SSL has frequently been claimed to be the worlds' most successful most complicated security system -mostly because mostly everything in SSL is oriented to relying on certificates, which are their own market-leading complication. It has therefore been suggested (here and in many other places) that SSL's protection is somewhere between mostly harmless, and mildly annoying but useful. Here's more evidence along those lines:
"Why Eve and Mallory Love Android: An Analysis of Android SSL (In)Security"
...The most common approach to protect data during communication on the Android platform is to use the Secure Sockets Layer (SSL) or Transport Layer Security (TLS) protocols. To evaluate the state of SSL use in Android apps, we downloaded 13,500 popular free apps from Google’s Play Market and studied their properties with respect to the usage of SSL. In particular, we analyzed the apps’ vulnerabilities against Man-in-the-Middle (MITM) attacks due to the inadequate or incorrect use of SSL.
Some headlines, paraphrased:
With numbers like these, we can pretty much conclude that SSL is unreliable in that domain - no real user can even come close to relying on its presence.
The essential cause of this is that the secure browsing architecture is too complicated to work. It relies on too many "and that guy has to do all this" exceptions. Worse, the Internet browsing paradigm requires that the system work flawlessly or not at all, which conundrum this paper perhaps reveals as: flawlessly hidden and probably not working either.

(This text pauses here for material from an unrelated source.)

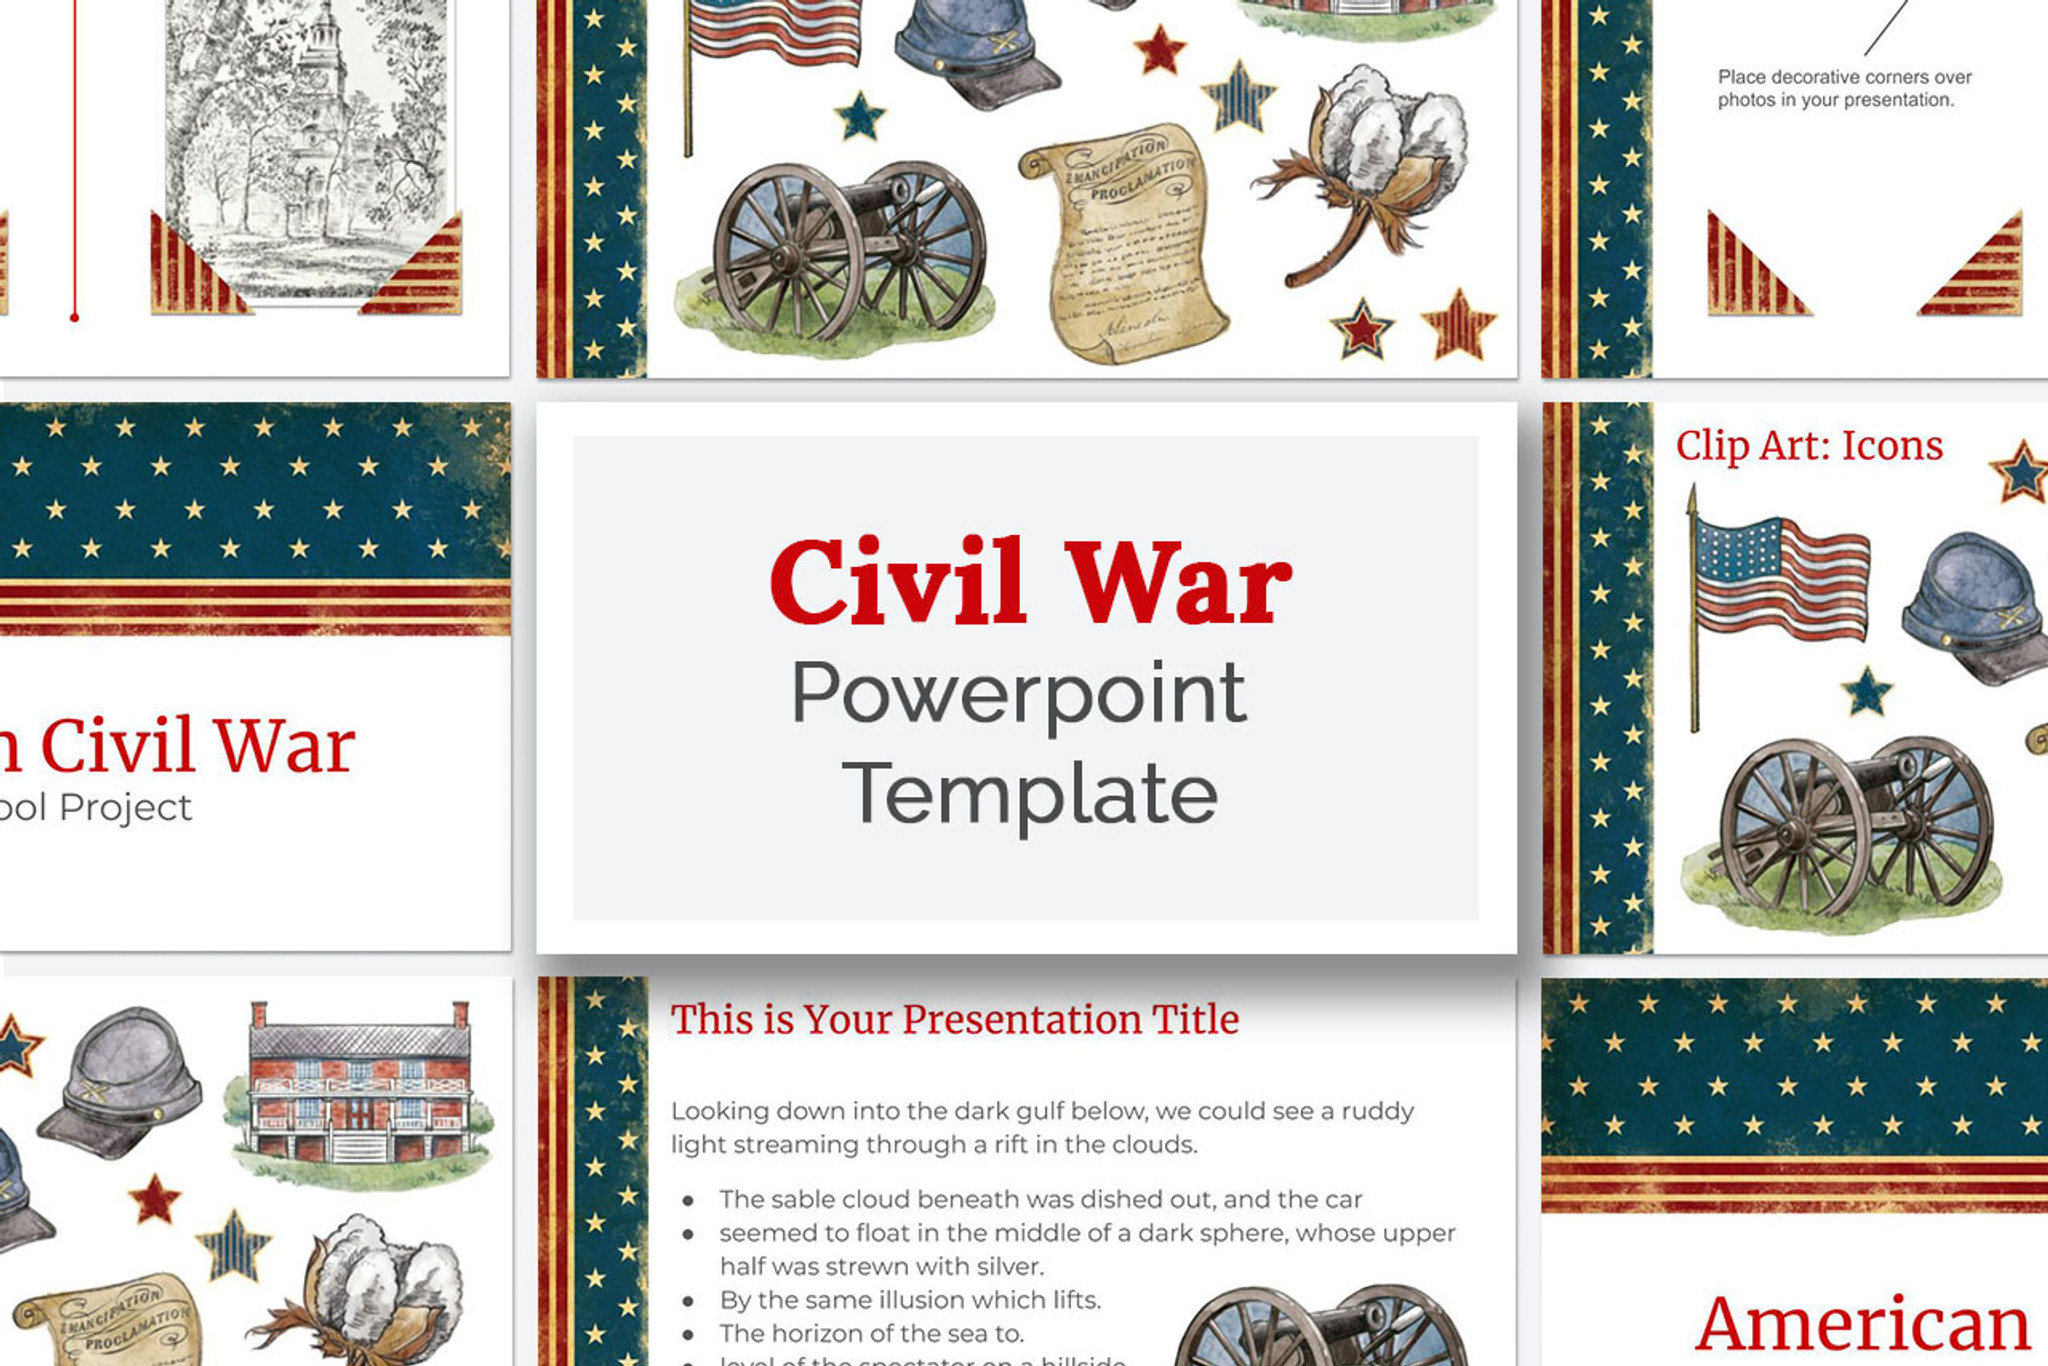 Topic 5 The American Civil War - ppt download

This is especially the case in mobile work, where fast time cycles and compact development contexts conspire to make security less of a leading requirement; Critics will complain that the app developers should fix their code, and SSL works fine when it is properly deployed. Sure, that's true but it consistently doesn't happen, the SSL architecture is at fault for its low rates of reliable deployment. If a security architecture cannot be reliably deployed in adverse circumstances such as mobile, why would you bother?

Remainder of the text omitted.